European markets have opened slightly lower this morning despite a strong US session, and a decent start to the week, in which we saw banks and technology stocks lead the charge higher, while the Russell 2000 also joined in the exuberance, posting its best one-day gain since June.
The optimism in the US appears to be as a result of some movement by the Democrats on a possible stimulus proposal which has seen them reduce their headline number to $2.2trn, if the White House meets them part way on other measures. This still seems a high bar, but as with all things in Washington, events could surprise.
Today’ s biggest losers appear to be some of yesterday’s biggest gainers, with HSBC slipping back after its best one-day gains since 2009. Airlines are under pressure again with IAG lower as the number of global coronavirus deaths rises above 1m, while Rolls-Royce has also continued to come under pressure, as it slips back towards last week’s lows.
On the trading update front Greggs latest Q3 numbers were a little disappointing, with the company announcing that it will have to start looking at cutting the number of jobs and reducing the number of hours worked by its employees in the face of the recent tightening of restrictions. The company was unable to participate in the chancellor’s ‘Eat Out to Help Out’ scheme due to their seated areas remaining closed, while the warm weather in August also hurt takeaway demand. Like-for-like sales for Q3 were running at about 71.2% of the level seen in 2019, with management citing an uncertain outlook, though activity levels had improved to 76.1% in September. In July, the company revealed a 45% fall in first-half revenue to £300.6m, sending it into a pre-tax loss of £65.2m, from a profit of £36.7m in the previous year. Not surprisingly, no interim dividend was declared as management took steps to shore up the balance sheet.
This morning we’ve seen the latest FY numbers from Ferguson, which show that the company has managed to ride out the worst of the coronavirus pandemic, with full year revenues coming in 1.4% above estimates, but still 0.9% lower from the previous year. Profits were down 4.8% at $1.26bn, with the company reinstating the dividend, which has helped send the shares up sharply in early trade to a new record high. Ongoing revenue was up 2% at $19.94bn with the US being the main driver of that. When the company reported its H1 numbers in May, the UK operation was the main drag and has continued to be so, with a 15.4% decline in revenues. For some time now management have been looking to spin off the underperforming UK operation, under the old Wolseley name, due to it being a drag on profitability, however the pandemic appears to have put paid to that idea in the short term.

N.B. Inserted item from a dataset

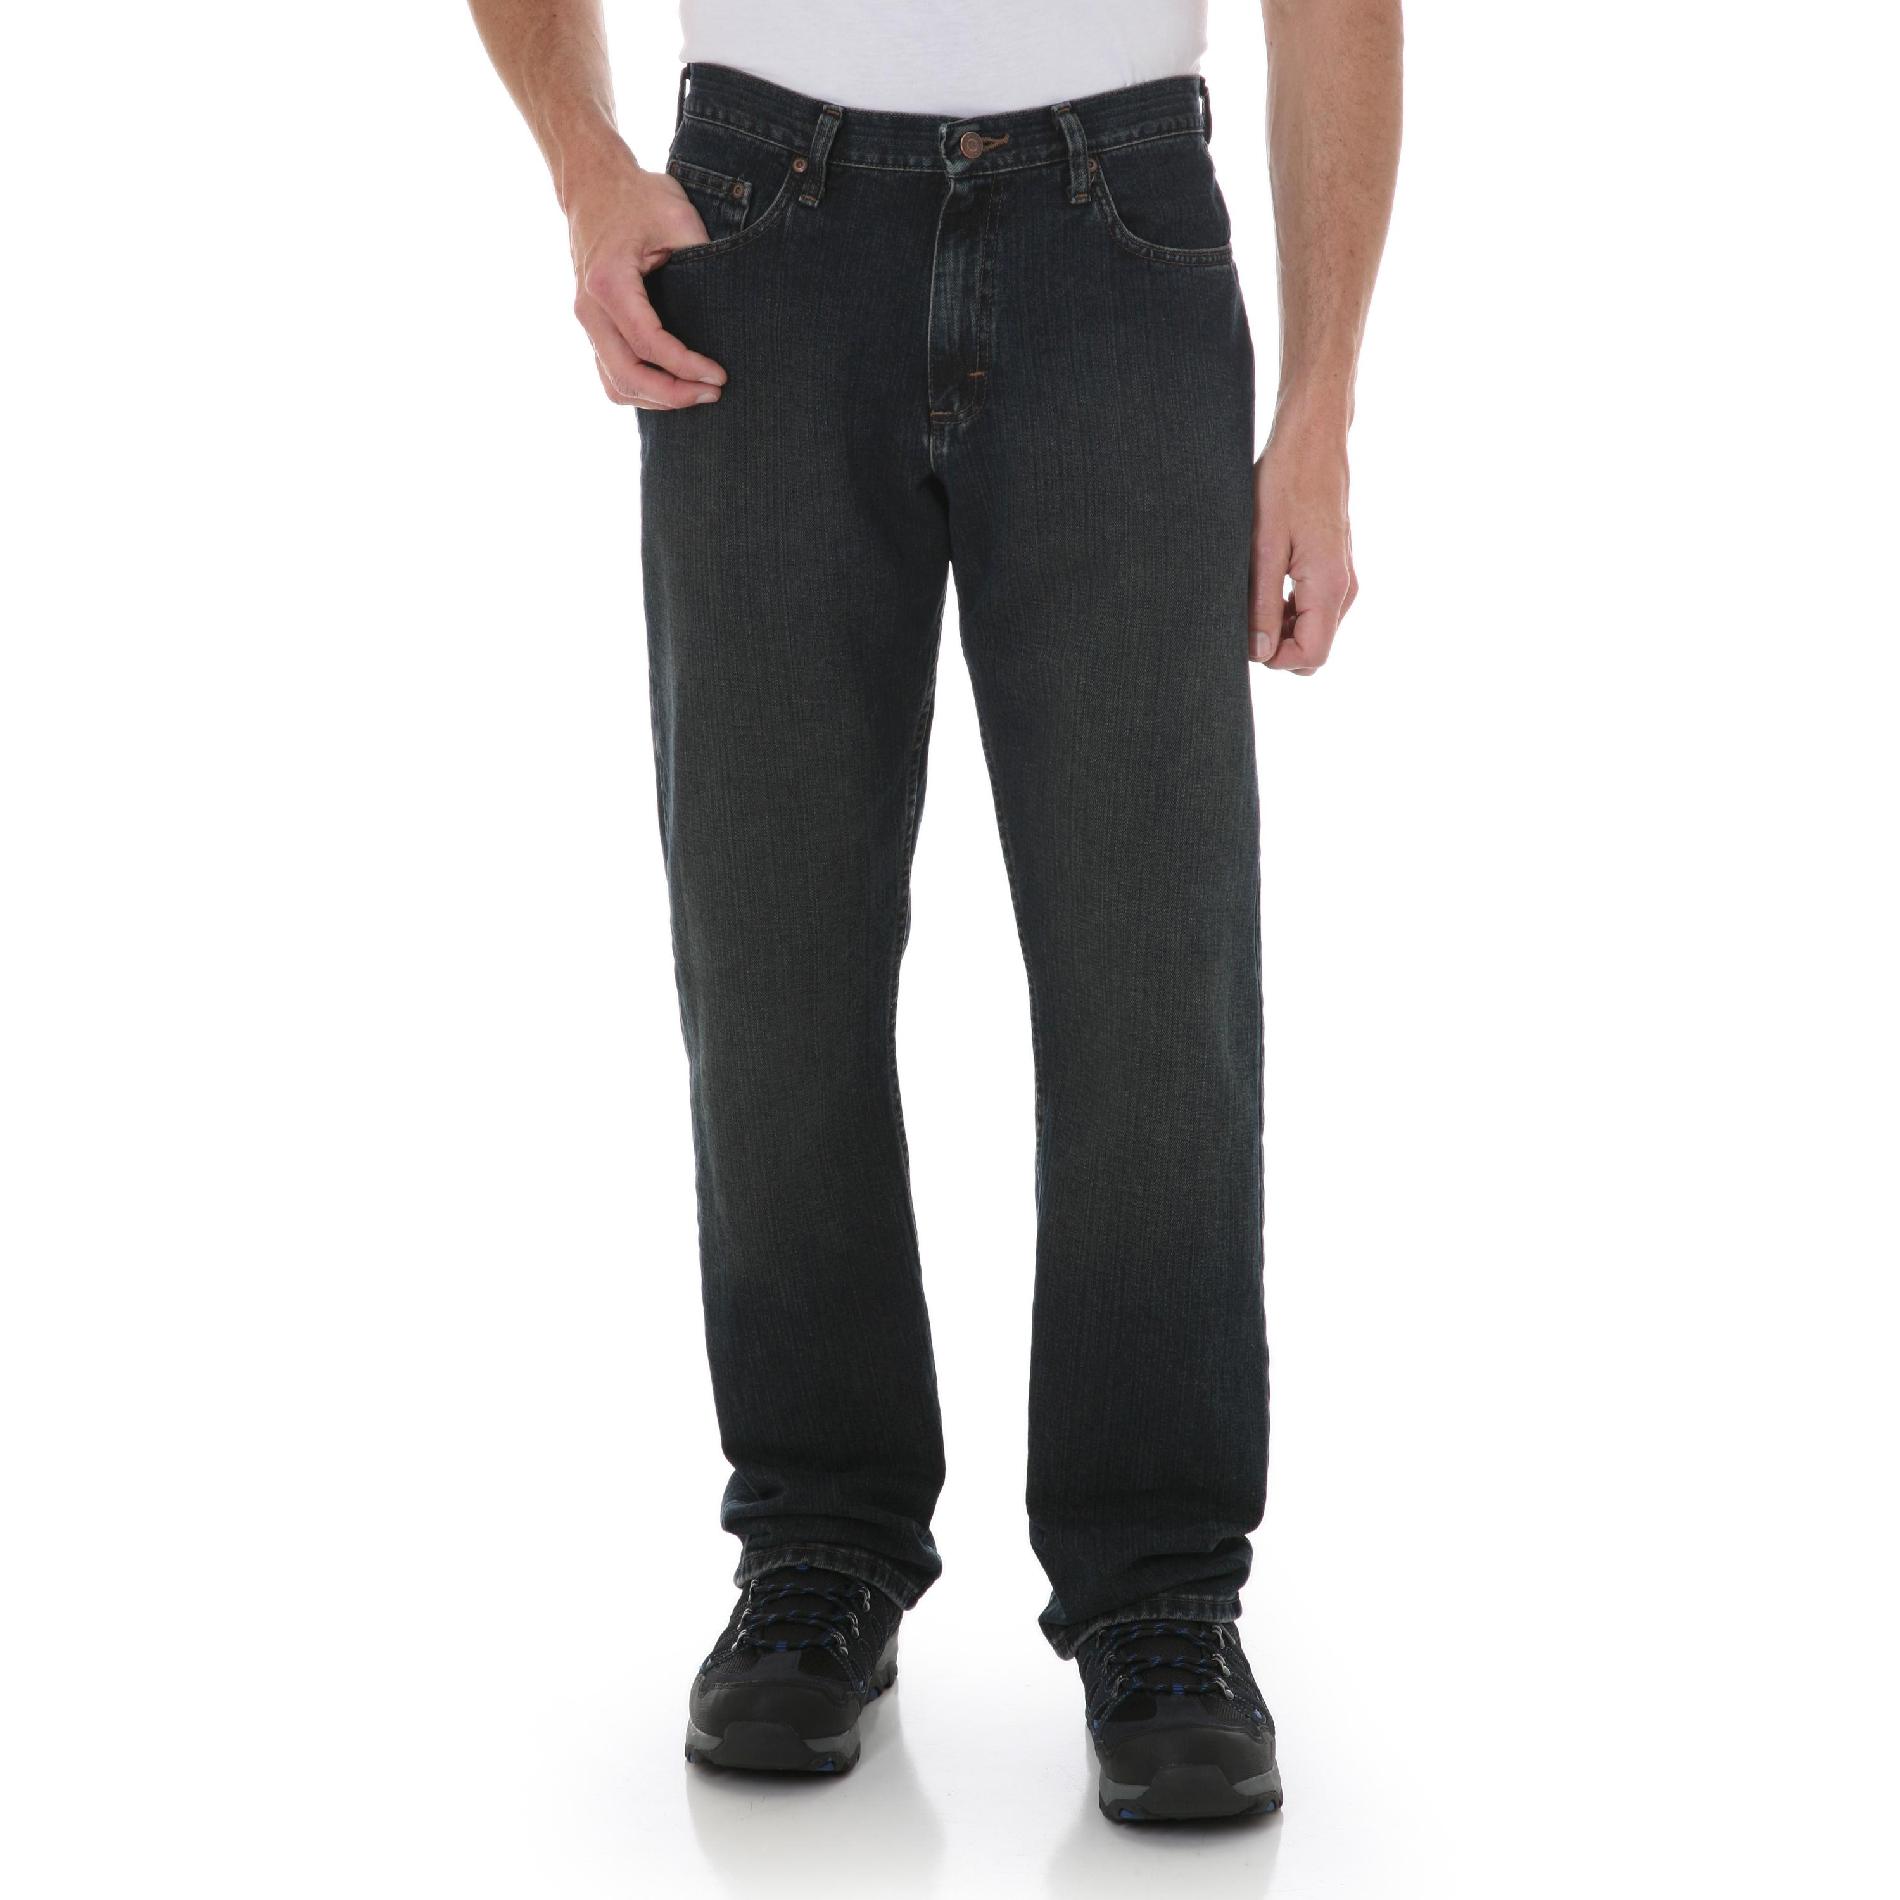 Wrangler Men's Five Star Premium Denim Jeans - Relaxed Fit

Discount retailer B&M European is also doing well in early trade after reporting a strong first half of the year. A rise in H1 group revenue of 25.3%, has seen the shares rise to a new record high, while the company also updated its guidance for the rest of the year, with UK stores seeing a 19.1% rise in like for like growth over Q2.
The pound has continued to look buoyant after yesterday’s comments from Bank of England deputy governor Dave Ramsden that the lower bound for rates was at the current 0.1%. This would appear to suggest that the path to a negative rate for the Bank of England may well not be as clear cut as first appeared. EU/UK trade talks are also set to continue this week, with the ebb and flow of optimism over pessimism likely to make for a choppy week.
We also have the latest lending data for August, as consumers continue the tentative reopening of their wallets, after having repaid £16bn in consumer credit in the first three months of lockdown, more than the entire sum borrowed in 2019. Expectations for consumer credit for August are for a rise of £1.5bn on top of the £1.2bn in July.
US markets look set to open slightly lower after their impressive gains yesterday, with the main focus likely to be on tonight’s presidential debate as well as today’s direct listing of Palantir Technologies. Palantir is a US software company which specialises in big data analytics, with the US government being one of its biggest clients with $1.5bn worth of contracts, particularly in respect of defence, and counter terrorism through its service Palantir Gotham. The company has yet to make a profit, like most recent IPOs or direct listings, so it’s not unique in that, but that hasn’t stopped markets assigning a valuation of $22bn to the company.
Last year it’s reported to have lost $579.6m, and it hasn’t made a profit since it was founded in 2003, while on the revenue front the picture is equally as worrying, with annual revenues last year at $740m, and operating expenses which appear to be on the high side, at over $500m. These expenses aren’t expected to reduce anytime soon and in the risk factors summary section the company says it may well not become profitable in the future. Despite these concerns there appears to be plenty of interest, as investors bet on the prospects of future revenue growth at a time when data is the new currency of choice. The voting structure of the business also makes being a shareholder somewhat problematic in that all the power lies with the company’s co-founders. If that’s not a red flag I don’t know what is.
Ride-sharing app Uber, fresh from winning its battle to operate in London, is reported to be looking to buy into Free Now, the joint venture between BMW and Daimler as it looks to build its presence in the European market.
We also have a raft of Fed officials speaking later today, however their messaging isn’t likely to be that much different to recent comments from Fed chair Jay Powell. We have the likes of Williams, Harker, Clarida, and Quarles all likely to comment on financial stability and monetary policy.